To update skiml-cluster to the most recent version, run:

pip install --user --upgrade skiml-cluster

Troubleshooting

Q: I get this error:

ValueError in file /home/boas/mambaforge/lib/python3.10/site-packages/skiml_cluster/workflow/Snakefile, line 16:
No VCF files found in input directory.

A: skiml-cluster looks for files ending in .vcf in the input folder. If zero files can be found with this exact extension, the pipeline will not run. Please make sure there are valid VCF files (preferably from apollo-mapping) in the input folder with the extension .vcf.

Q: I get this error:

ValueError in file /home/boas/mambaforge/lib/python3.10/site-packages/skiml_cluster/workflow/Snakefile, line 11:
Input directory does not exist.

A: The input directory cannot be found.

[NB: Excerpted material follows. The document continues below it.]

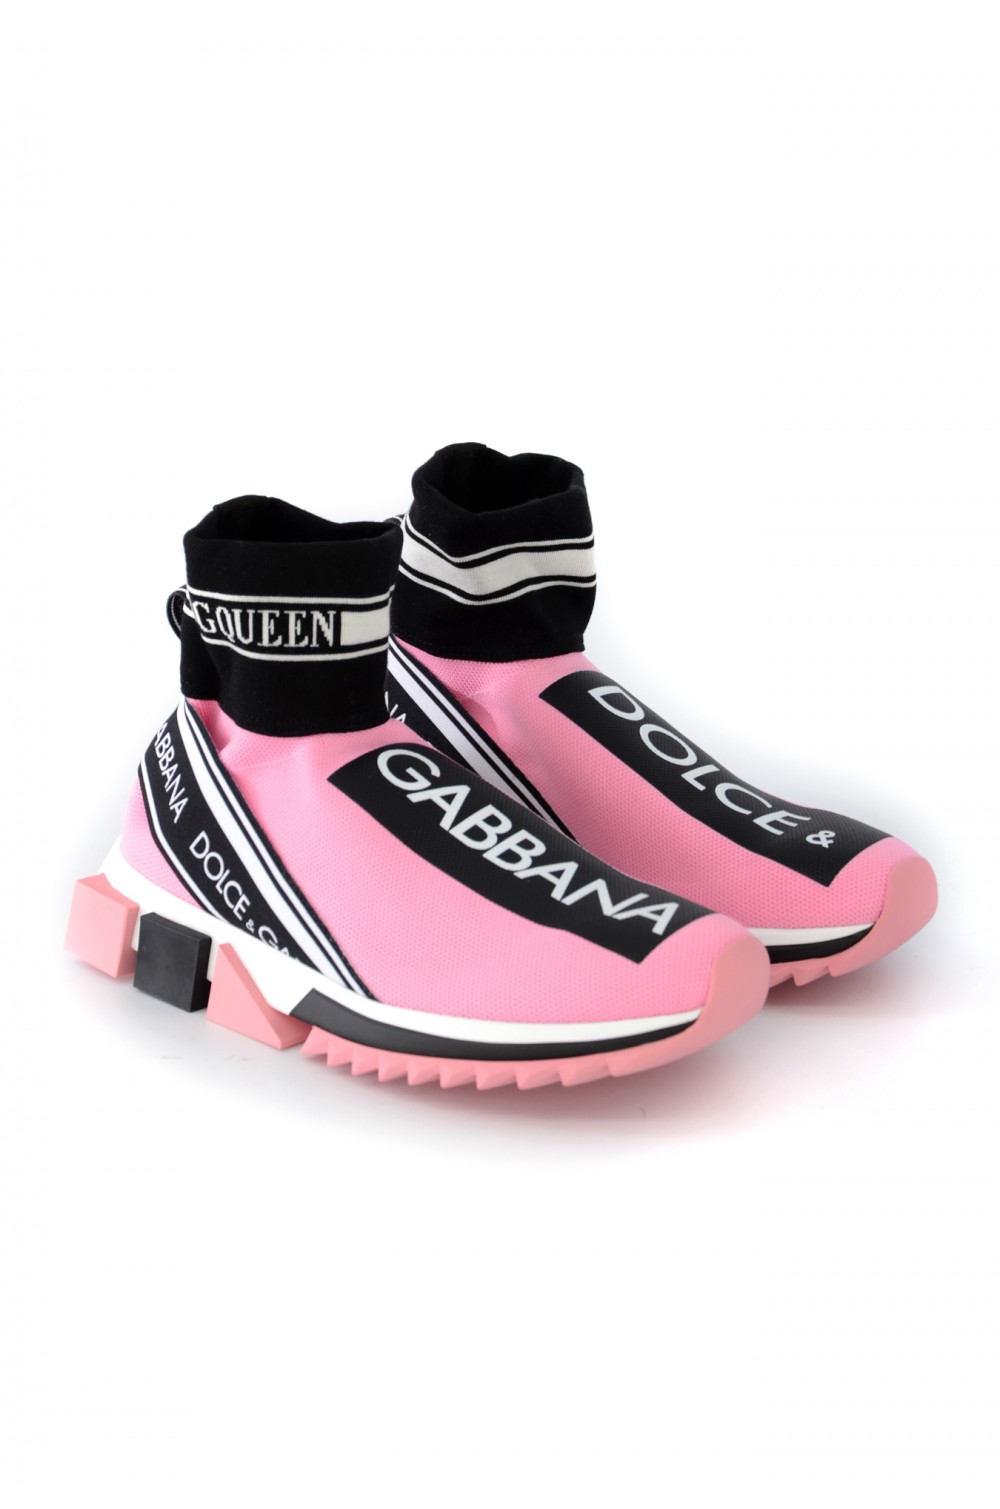 Dolce & Gabbana Women Boot Sneakers - CK1645 AZ708

Please make sure there are no typos in the skiml-cluster command.

Methodology

skiml-cluster does a couple of things, which is managed by Snakemake.

  1. SNP VCF files are compressed and indexed (required for other analyses).
  2. All indexed VCF files are merged into a multi-sample VCF.
  3. A UPGMA tree is generated from the multi-sample VCF using vcfkit.
  4. A Fasta pseudo-alignment is generated from the multi-sample VCF using vcfkit.
  5. SNP distances are calculated from the pseudo-alignment using snp-dists.

A command line interface of the Snakemake pipeline has been generated using snk.

License

skiml-cluster is distributed under the terms of the MIT license.